Affiliate program - terms & conditions

 

This Agreement defines your relationship with eshoprx.com (herein after referred to as eshoprx.com). This Agreement contains the terms and conditions that apply to a party’s participation as an Affiliate in the eshoprx.com Affiliate Program (the “Affiliate Program”). As used in this Agreement, “we” means eshoprx.com and “you” means the applicant party. “Site” means a World Wide Web site and, depending on the context, refers to the eshoprx.com Web site or to the site that you will link to our site (and which you will identify in your Affiliate Program application).

  1. Enrollment in the Affiliate Program You will submit a completed Affiliate Program application to begin the enrollment process. Submission of your application for enrollment into the Affiliate Program implies acceptance of the terms & conditions of this Agreement. We will evaluate your application in good faith and notify you of its acceptance or rejection. In our sole discretion we may reject your application if we determine for any reason that your Site is inappropriate for the Affiliate Program. An inappropriate Site includes, but is not limited to, a Site that promotes: illegal activities; lewdness; obscenity; pornography; violence; or discrimination based on race, sex, religion, nationality, disability, sexual orientation, or age. Unsuitable Sites also include violate intellectual property rights of eshoprx.com. Also, we will reject your application if it is incomplete. If we reject your application, you may reapply to the Affiliate Program at any time. Until approved you shall not link to our Site unless you are approved for the Affiliate Program.

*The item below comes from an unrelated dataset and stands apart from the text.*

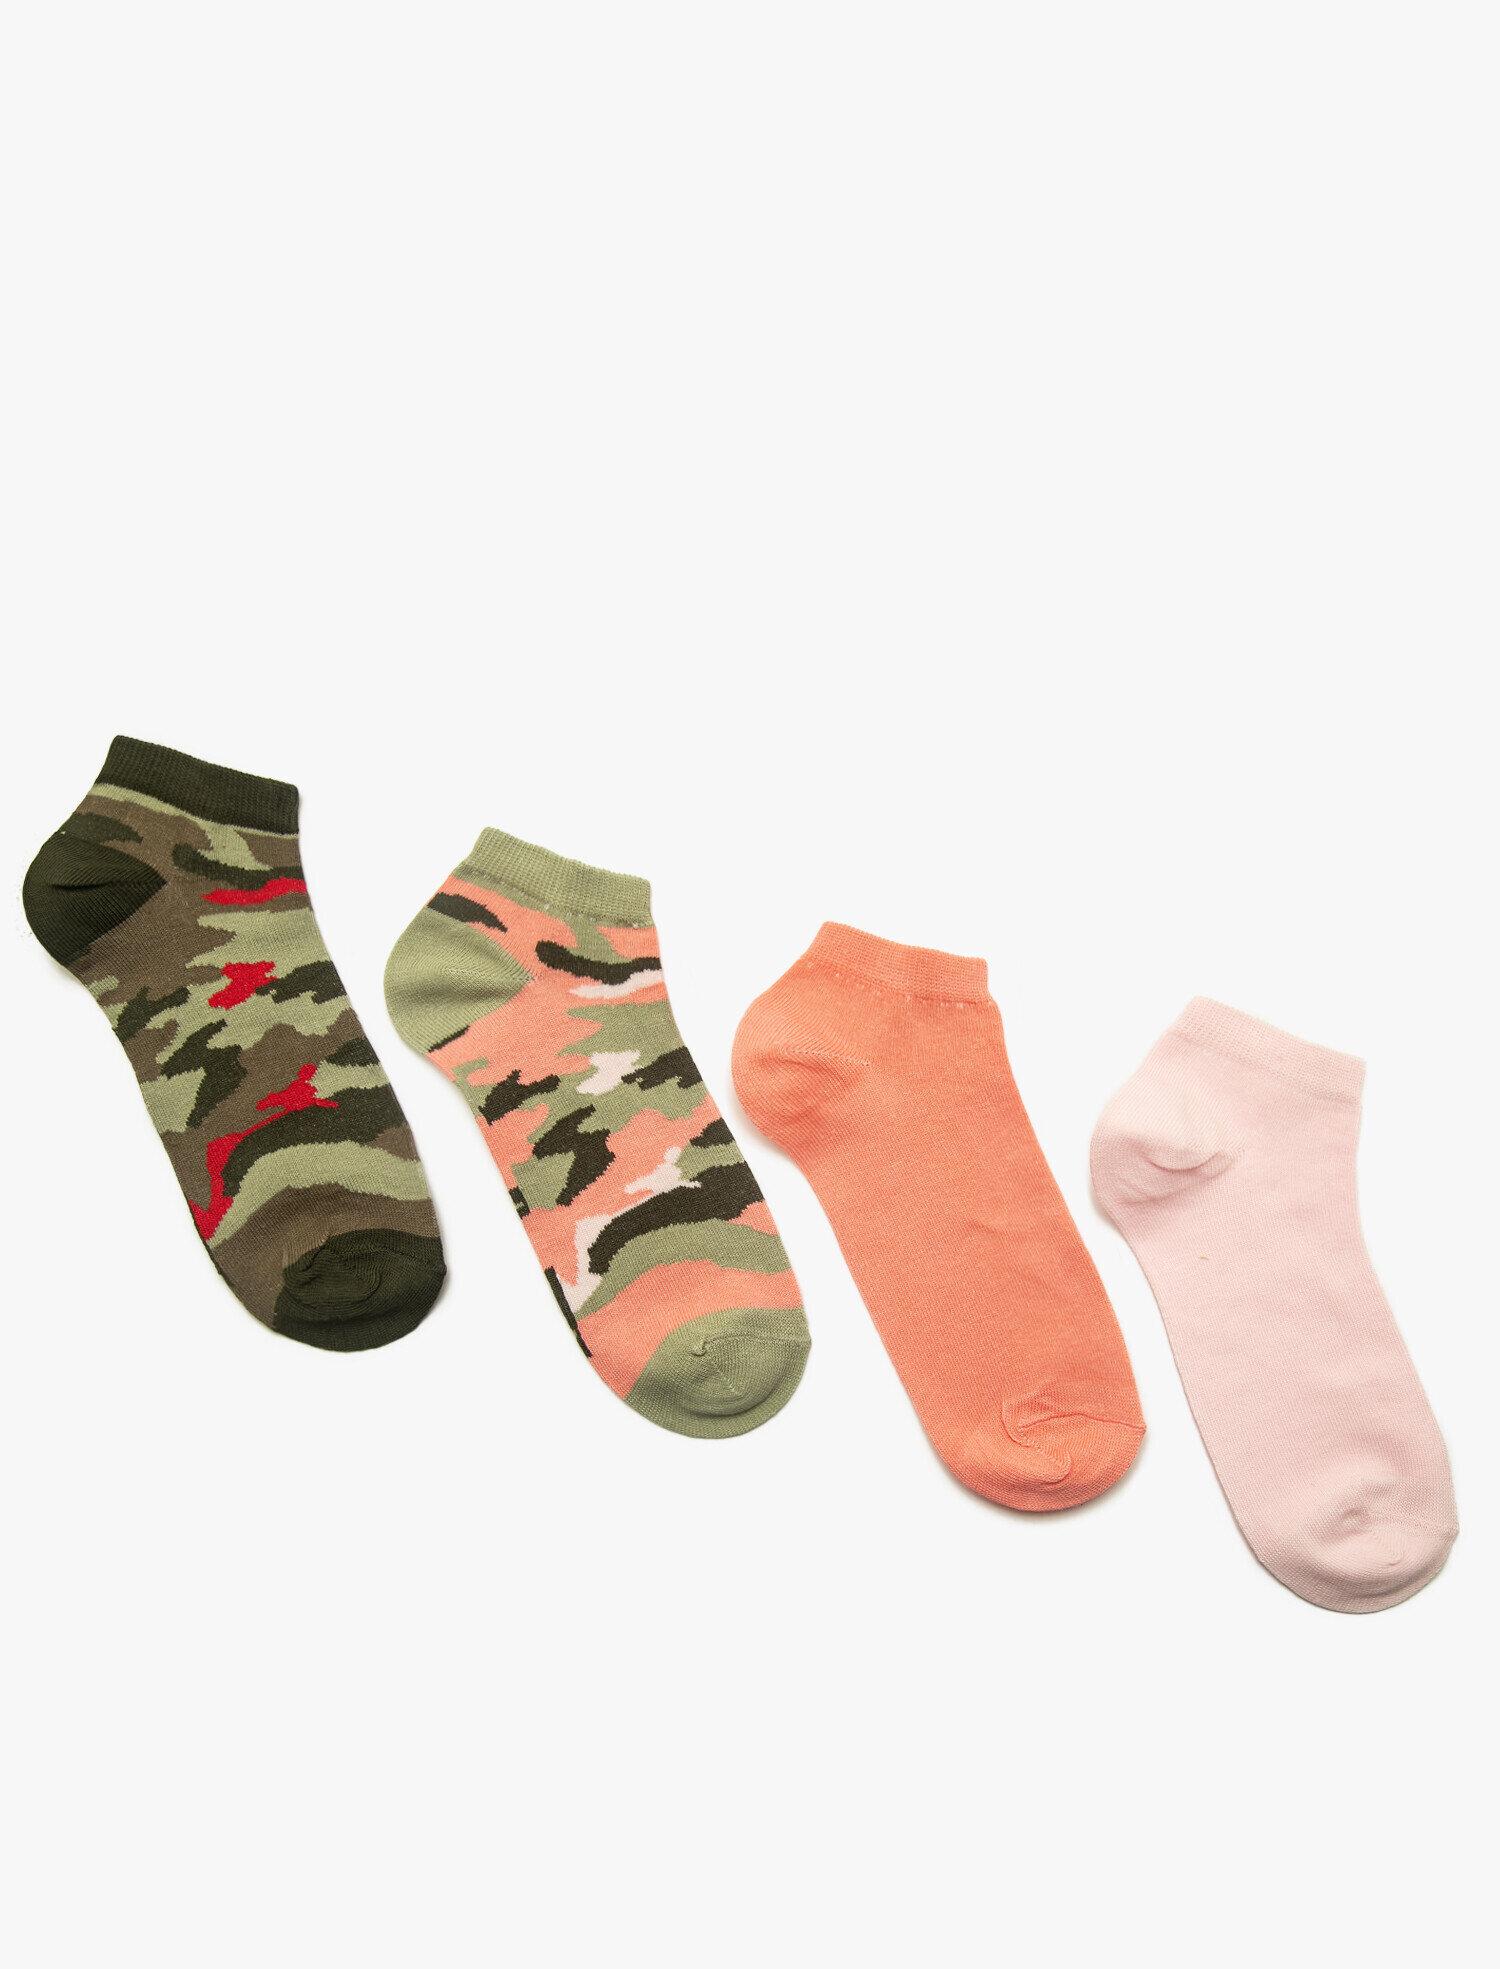 4 Pack Woman Socks

  2. Linking to the eshoprx.com Site from Your Site Once you have been approved into the Affiliate Program, you will be provided with links that connect your Site to areas within our Site using special URLs specified in the Affiliate Program (the "Links"). You may post as many Links to the Required URLs as you like on your Site. The position, prominence, and nature of Links on your Site shall comply with any requirements specified in this Agreement.

  3. Order Processing We will process orders placed by customers who Link from your Site to our Site in agreement with applicable legal requirements. We reserve the right to reject orders that do not comply with any reasonable requirements that we periodically may establish. We will be responsible for all aspects of order processing and fulfillment. Among other things, we will prepare orders forms; process payments, cancellations, and returns; and handle customer service. We will track sales made to customers who purchase products through a Link from your Site to our Site and you will be provided with reports summarizing this sales activity. The content and frequency of the reports may vary from time to time. To permit accurate tracking, reporting, and fee accrual, you must ensure that the Links between your Site and our Site are properly formatted.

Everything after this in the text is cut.